EXERCISE AIM:
The reply must repeat the listing below exactly and carry none of its pictures.

GIVEN MATERIAL:
====================

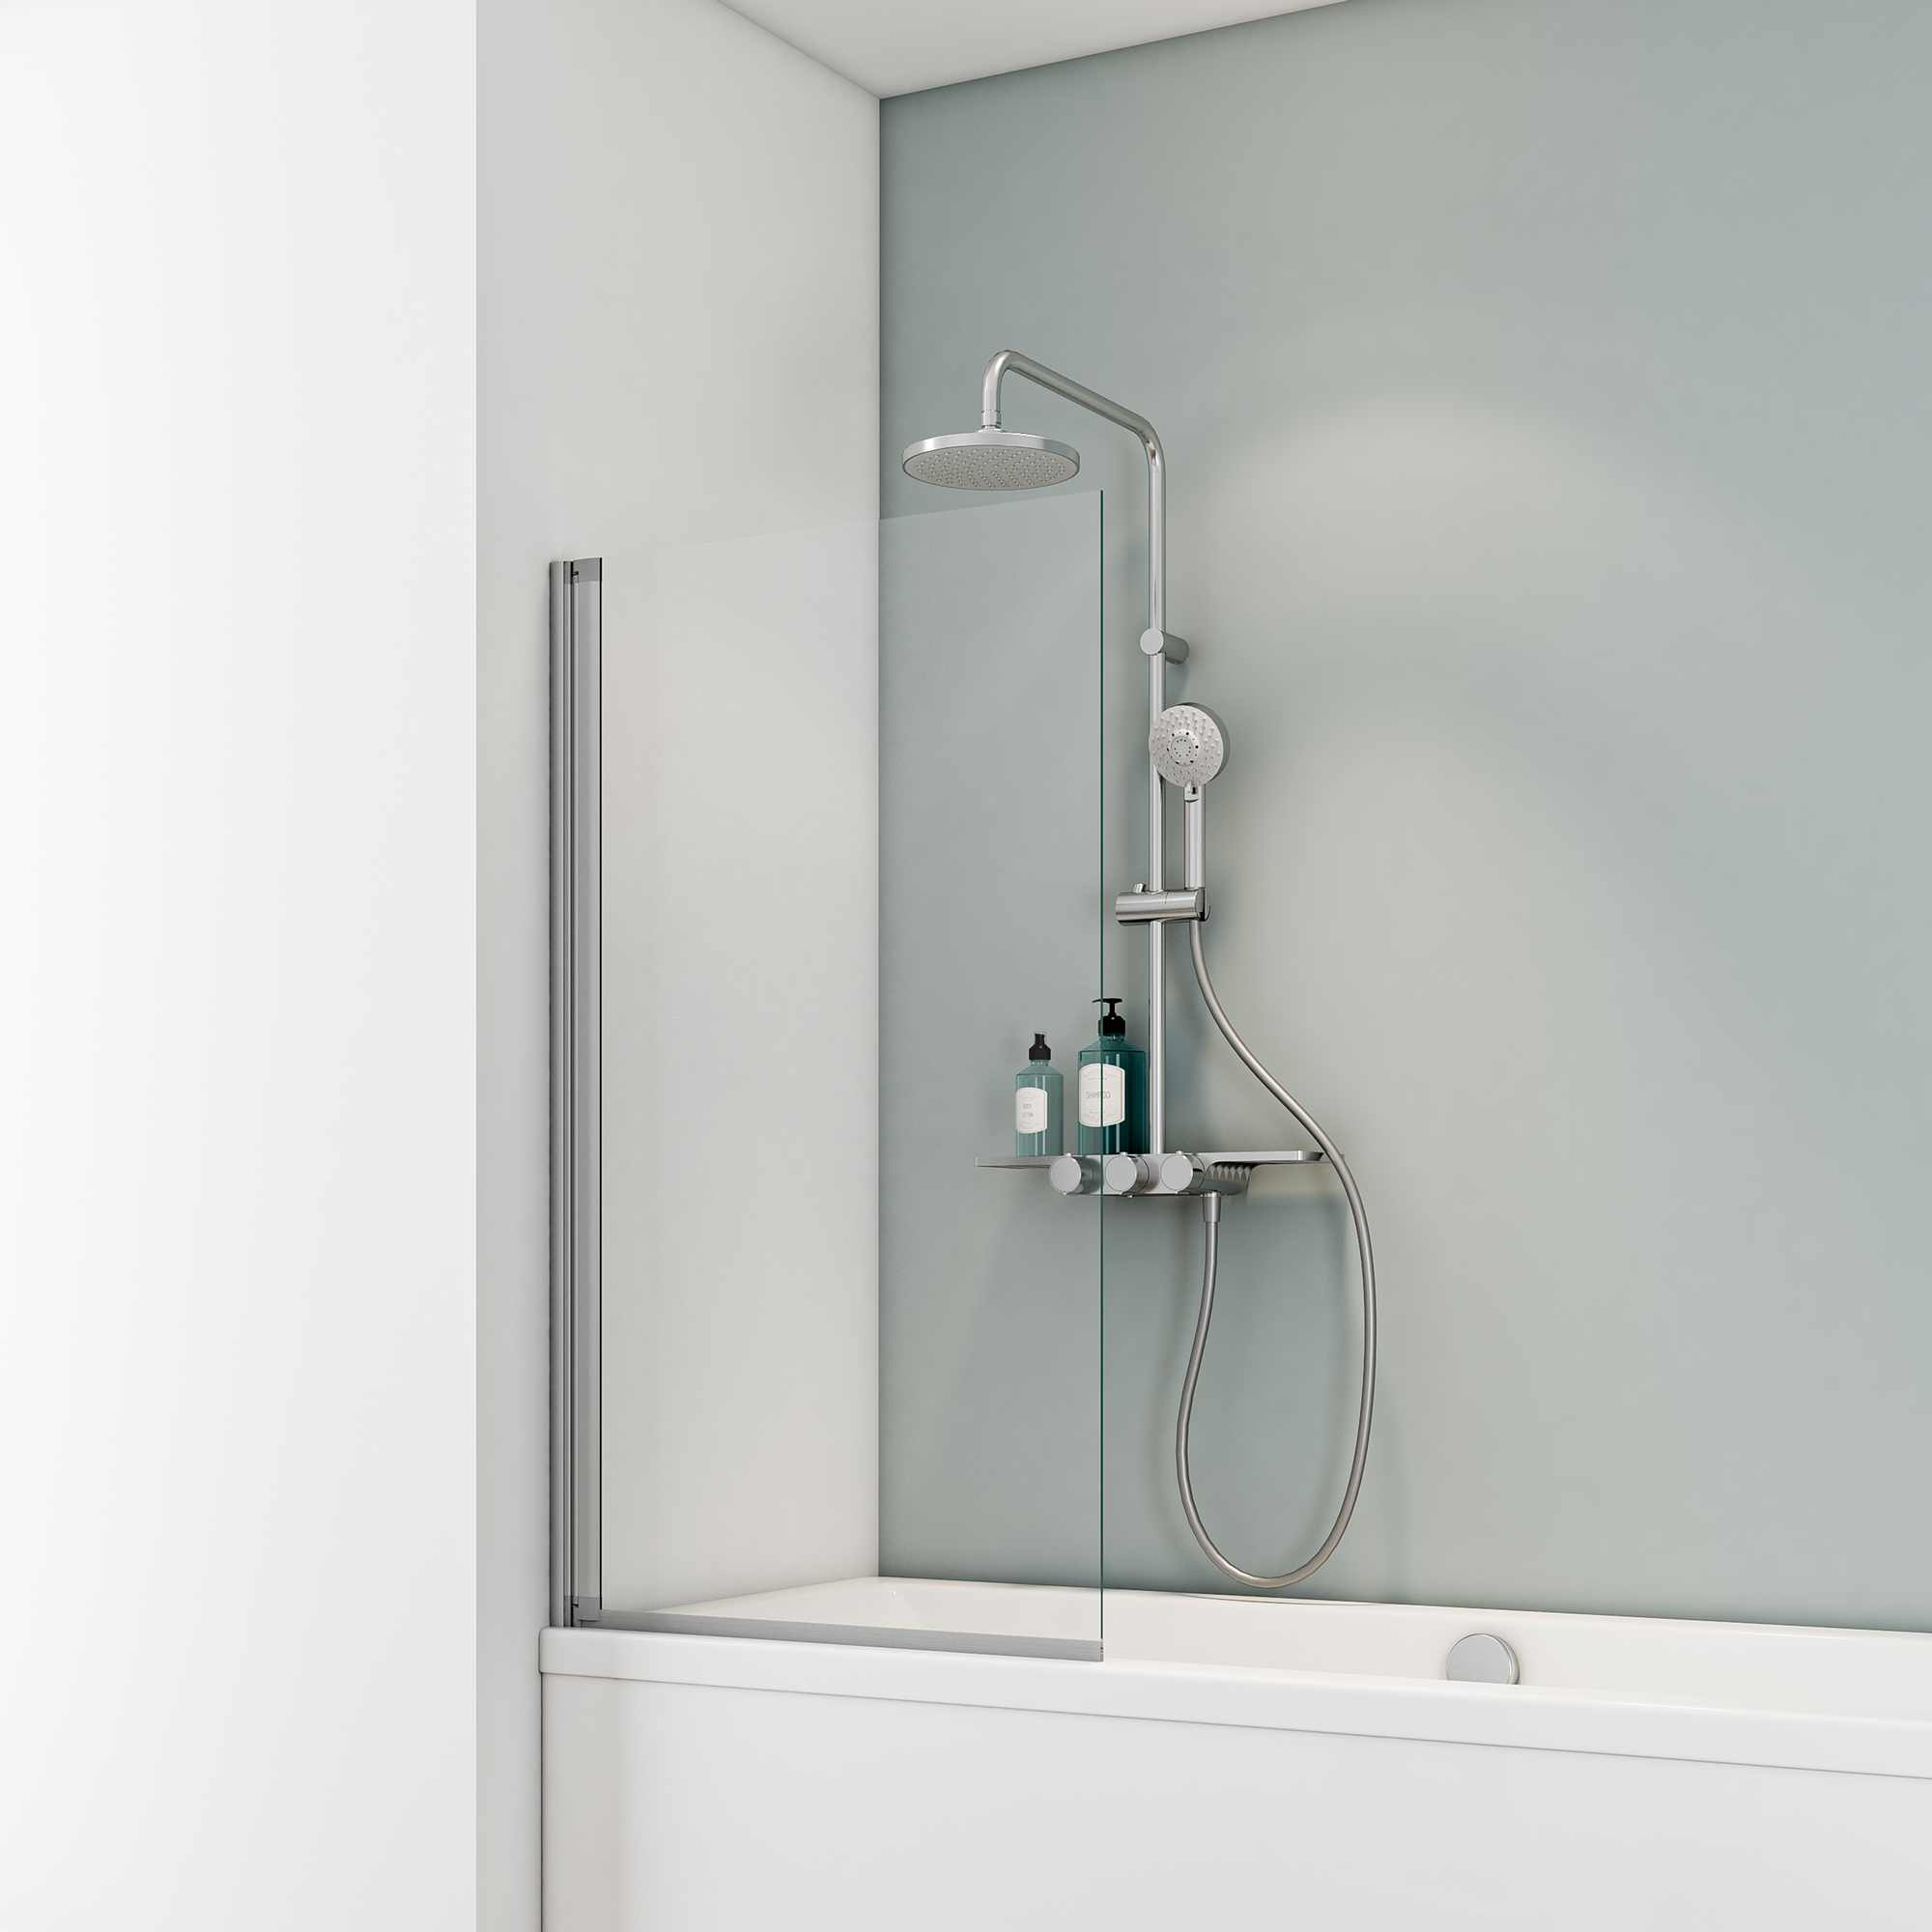 Badewannenfaltwand 'Komfort' teilgerahmt, aluminiumfarben, 70 x 130 cm, 1-teilig + product picture
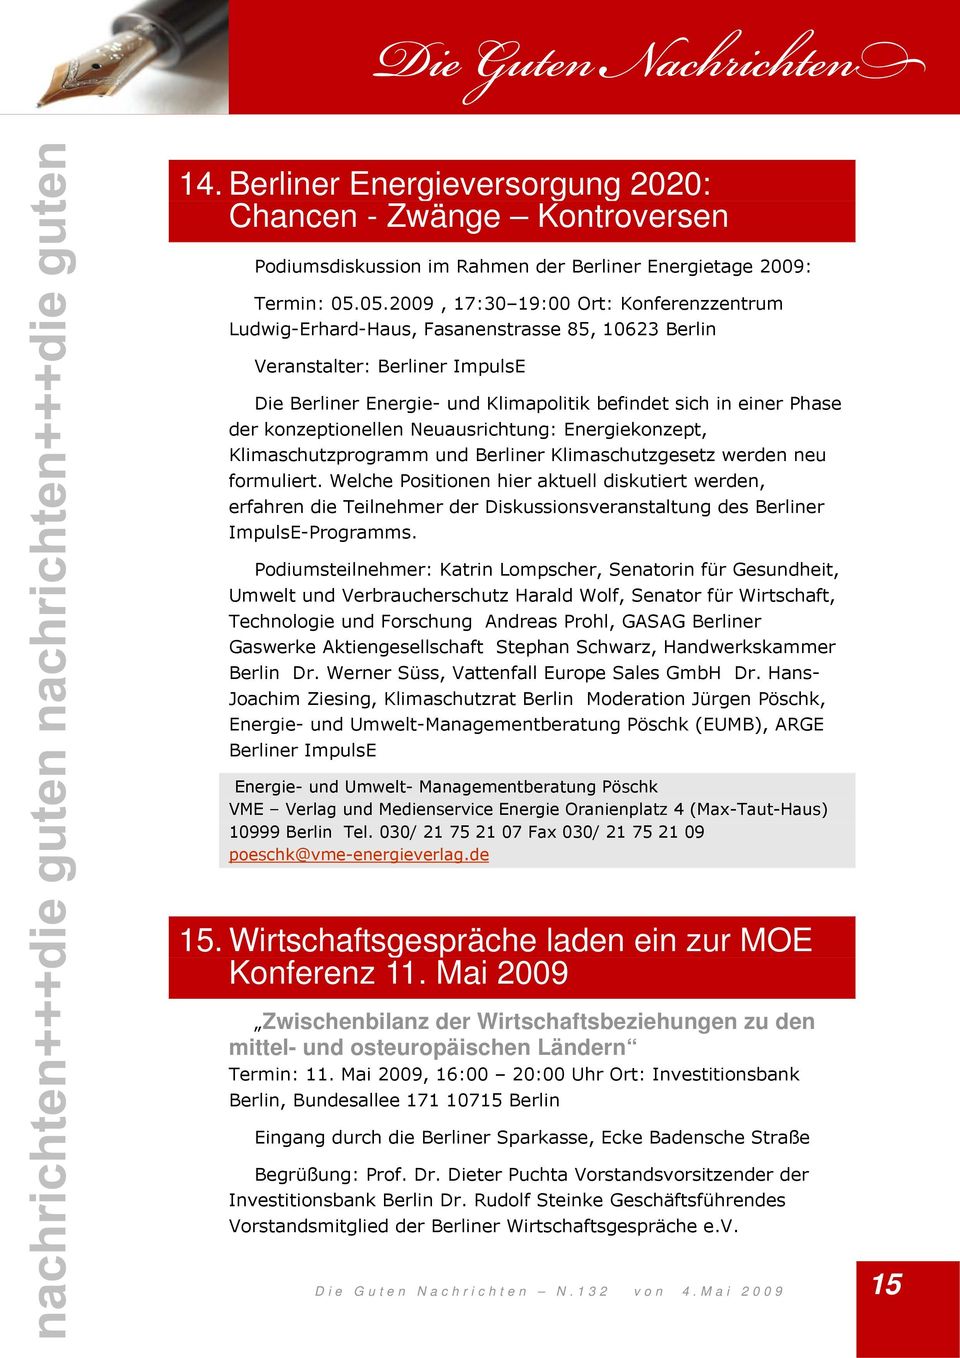 konzeptionellen Neuausrichtung: Energiekonzept, Klimaschutzprogramm und Berliner Klimaschutzgesetz werden neu formuliert.
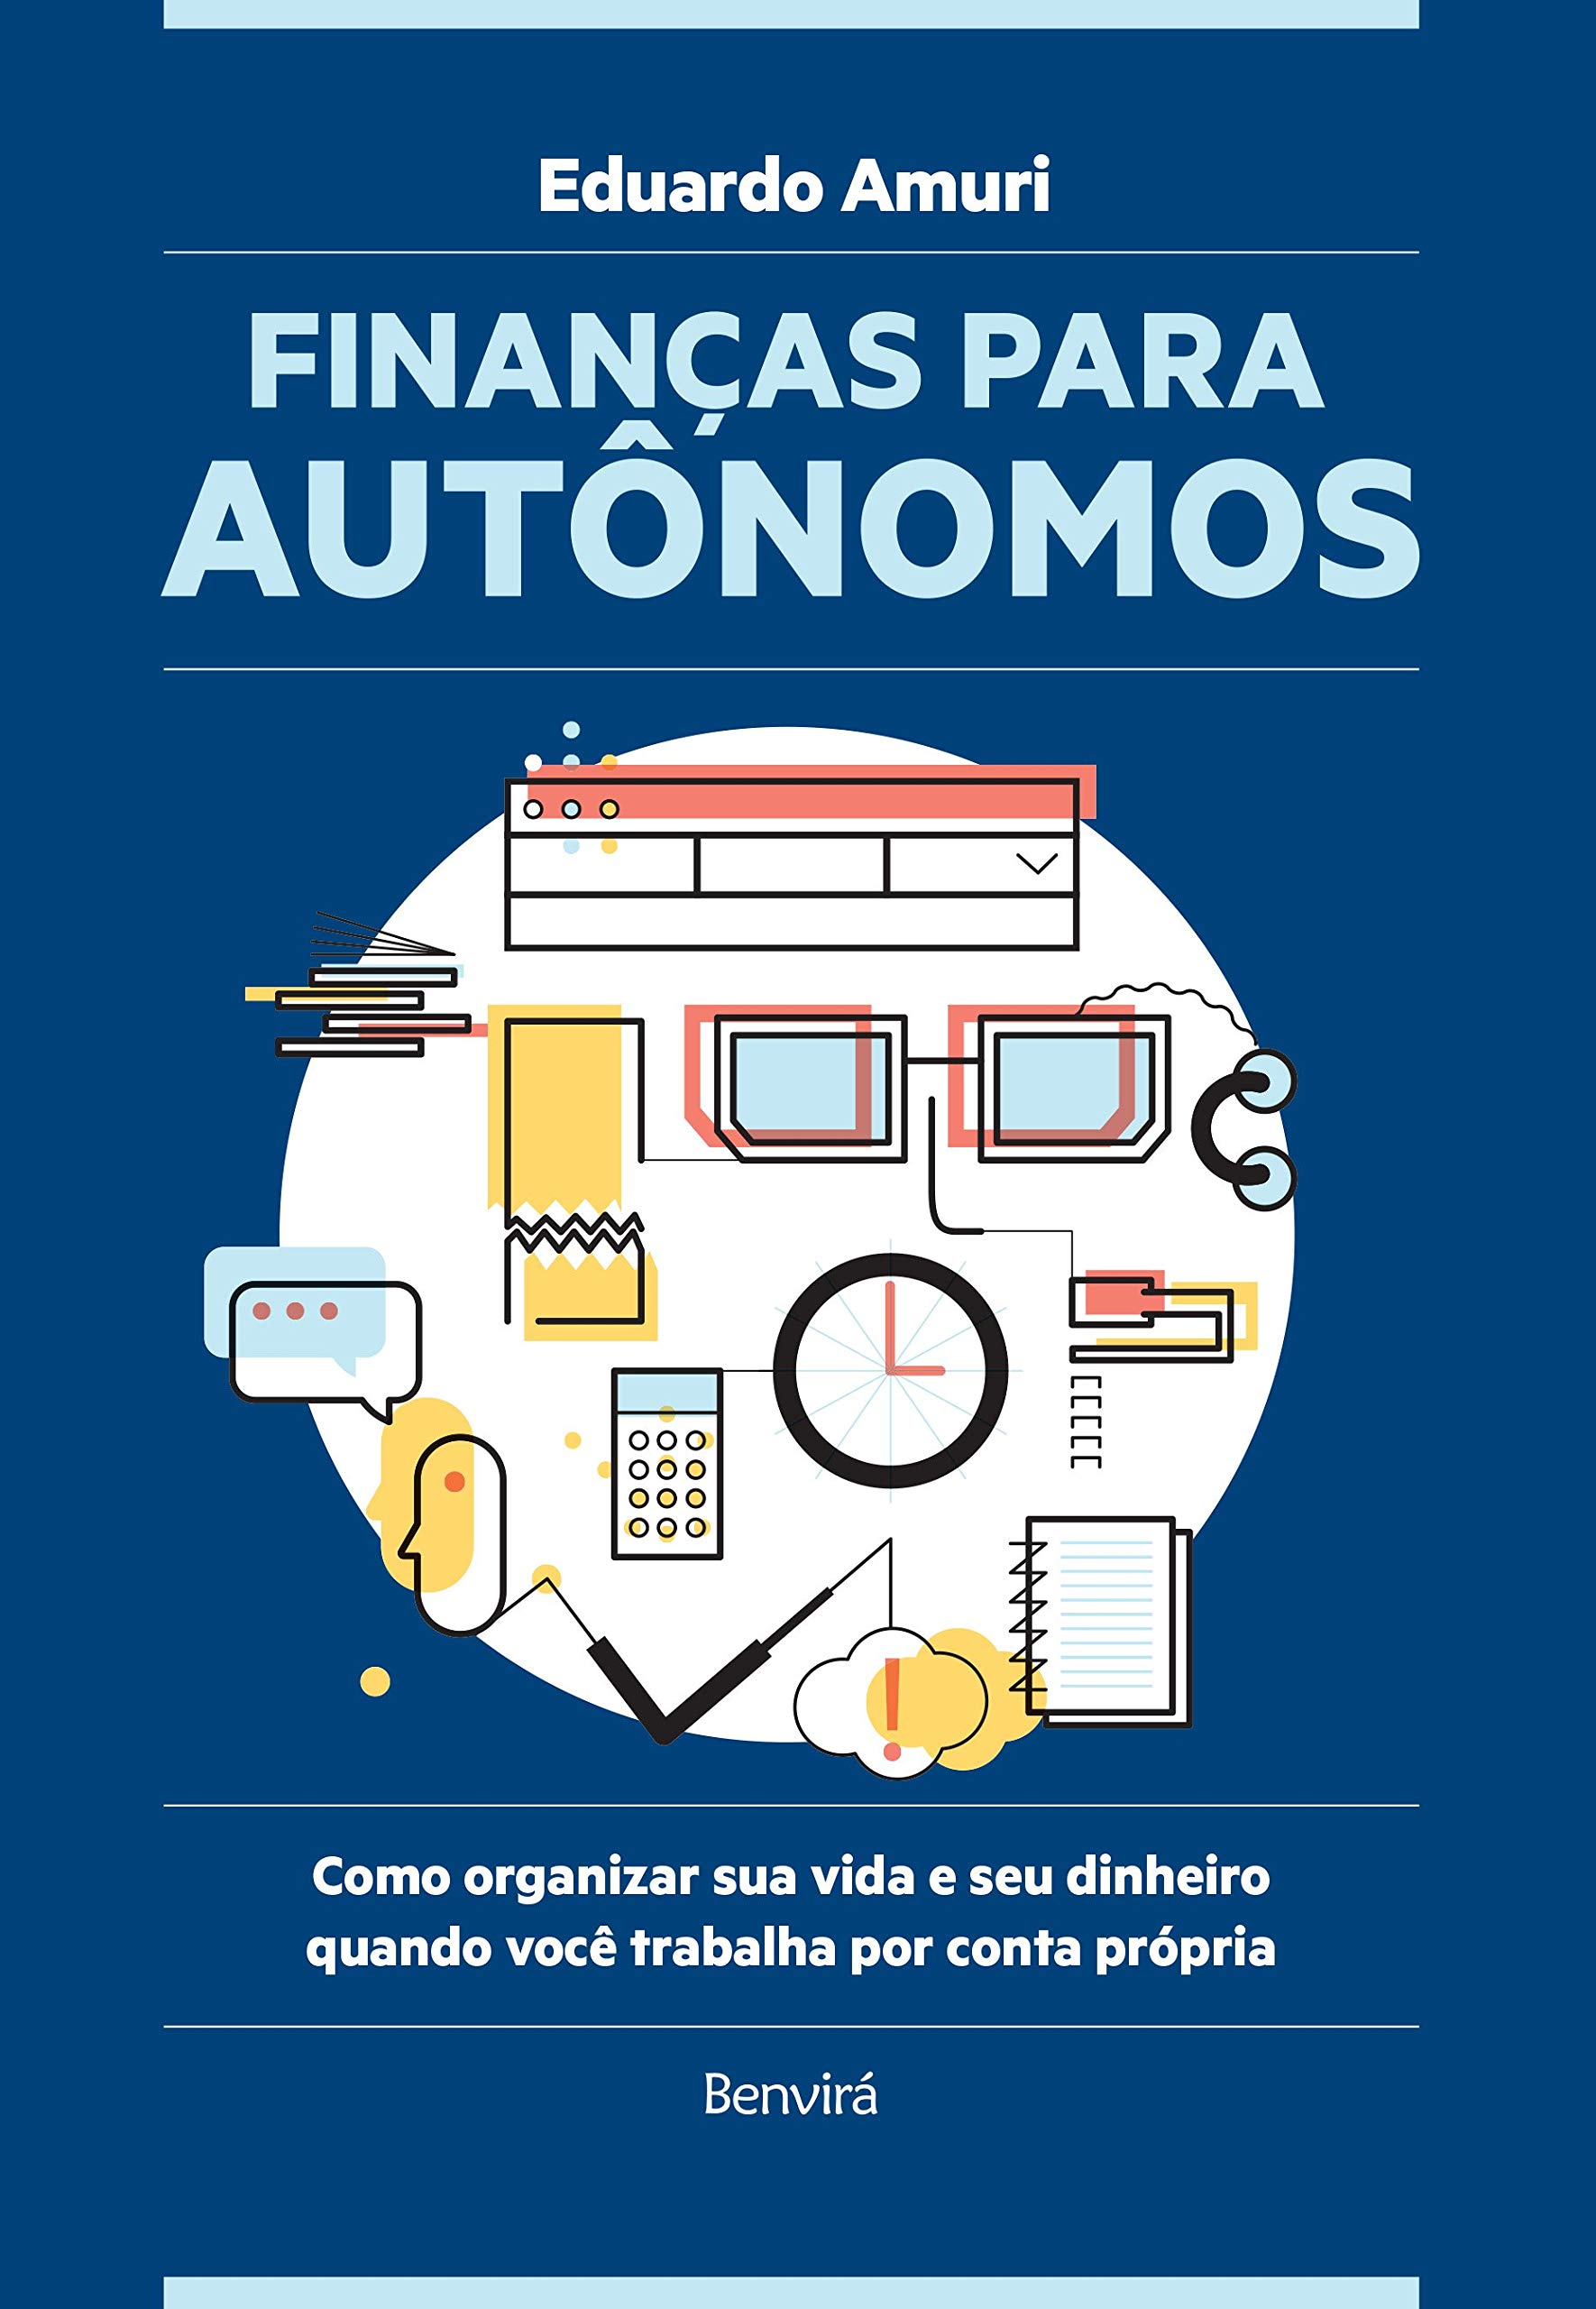 Eduardo Amuri: Finanças Para Autônomos (Português language, 2018, Benvirá)

====================

EXERCISE OUTPUT:
 Badewannenfaltwand 'Komfort' teilgerahmt, aluminiumfarben, 70 x 130 cm, 1-teilig + product picture
 konzeptionellen Neuausrichtung: Energiekonzept, Klimaschutzprogramm und Berliner Klimaschutzgesetz werden neu formuliert.
 Eduardo Amuri: Finanças Para Autônomos (Português language, 2018, Benvirá)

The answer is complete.